The second time was as a graduation present during my senior year of high school. I went with my mom for a few days, and it was magical. Since then, I had yearned to go back to the Big Apple and once again feel the rush of energy that the city gives you every time you immerse yourself in it.

After my second trip, I didn't know when I would get to return, but this past month, I got a golden opportunity to go back to my favorite city in the world. I was invited to attend the College Media Association's annual spring convention for student journalists, from March 6-10. I went along with five other students from my college newspaper, and I was absolutely thrilled.

It was truly surreal to be back. Even though it had been two years since my last trip, it felt like I had never even left. Ironically, the convention was held at the same hotel I stayed at the last time, so I genuinely felt right at home. A lot of my time was spent working, where I got to learn about journalism from experts in the business. All of the sessions I attended were interesting and incredibly relevant to my career, and the speakers were passionate and helpful with their advice.

The highlight of the convention for me was getting to go to the Good Morning America studios to see a taping of Strahan and Sara. Michael Strahan and Sara Haines were so nice and the overall energy of the show was upbeat, positive and fun. I enjoyed every second of my experience there, and I will always cherish the photos I got with the two hosts.

Outside of work, I managed to score tickets to the Late Show with Stephen Colbert, and so my roommate and I spent one glorious evening at the Ed Sullivan theatre. It was so exhilarating and fun, and I even got to go onstage while the musical guest, Mumford and Sons, was performing.

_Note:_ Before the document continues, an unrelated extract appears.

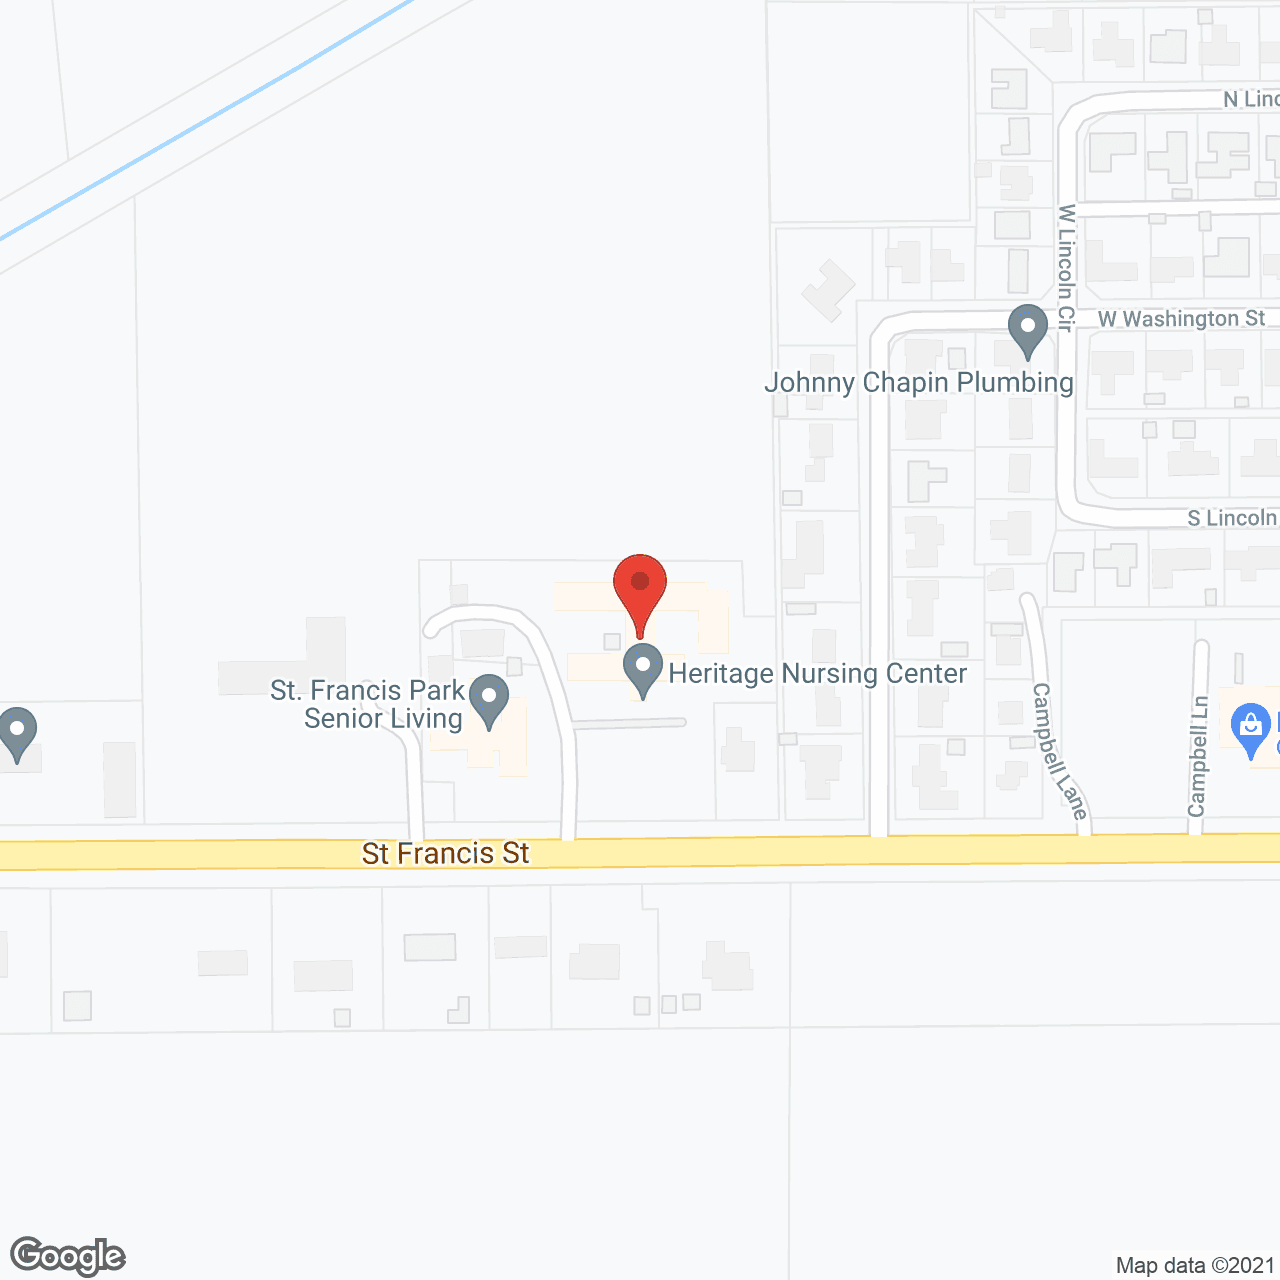 Heritage Nursing Center in google map
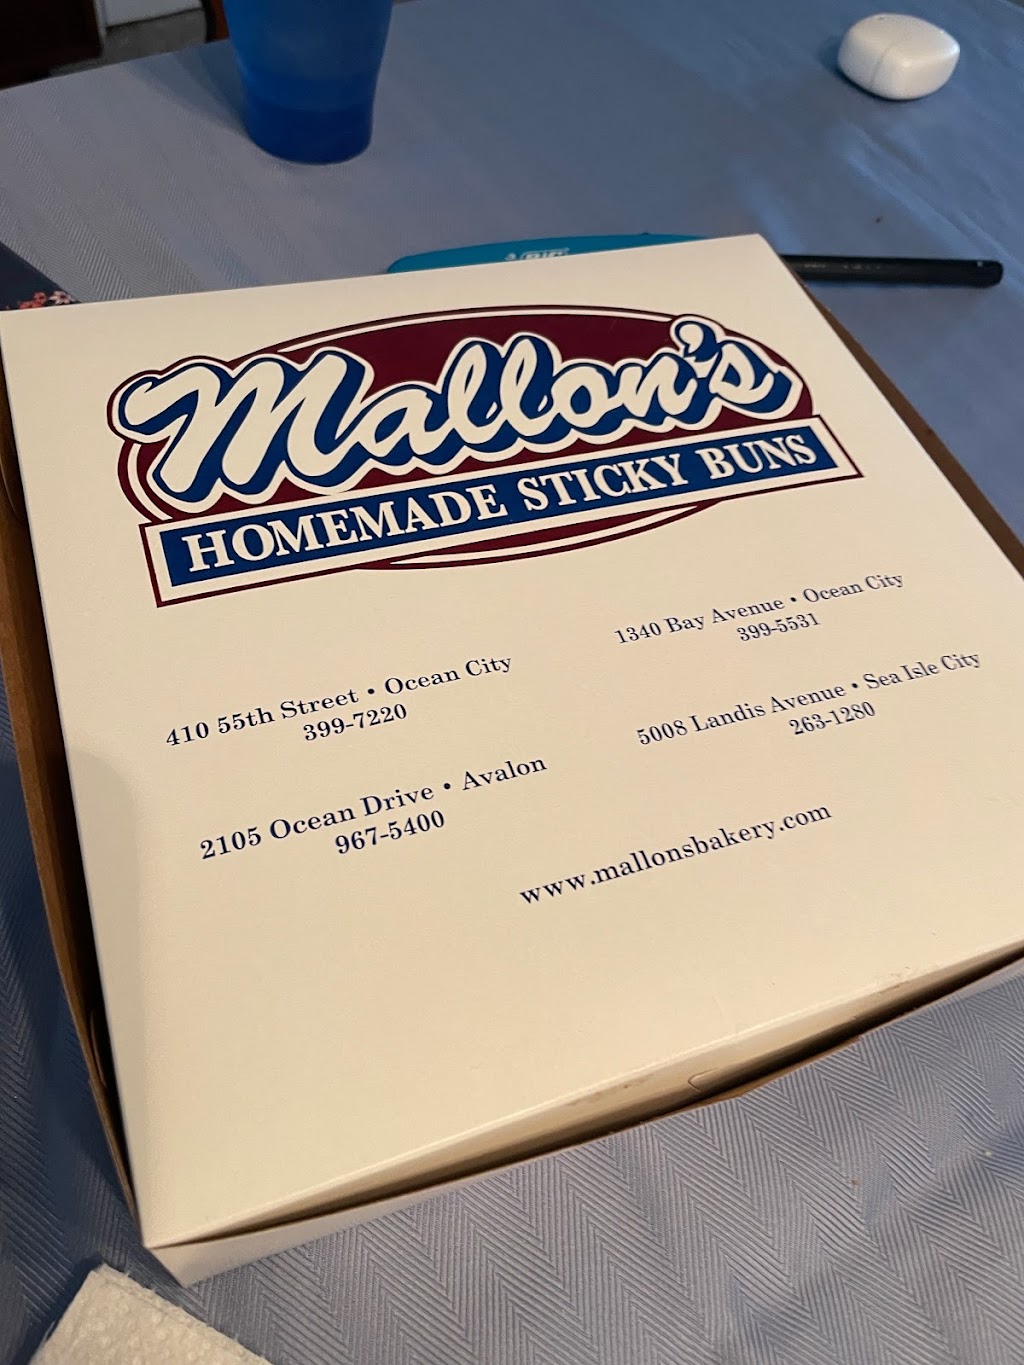 Mallons Homemade Sticky Buns | 410 E 55th St, Ocean City, NJ 08226 | Phone: (609) 399-7220

After the convention, I walked away with a clearer sense of what my career goals were as a journalist. Throughout my experience both in the sessions and in the television studios, I realized that broadcast journalism was my passion and what I wanted to pursue. Journalism is a field that is ever-changing as technology grows and evolves, so it can feel overwhelming to find your place as a reporter. There's the traditional print route, broadcast, or all of the new opportunities that the digital world is offering, not to mention the in-depth investigative reporting that transcends all mediums. But for me, the feeling of adrenaline when I was in the audience of the tv shows was indescribable, and it was something that made me feel more inspired than ever.

I know it is a lofty goal to be a news anchor on TV, and I know it is a goal that is shared by many others. But thanks to the convention and the bright lights of New York City, I know that it is a goal I want to chase with all my might. I can't wait to see what the future holds, and I am counting down the days until I can return to the Big Apple again.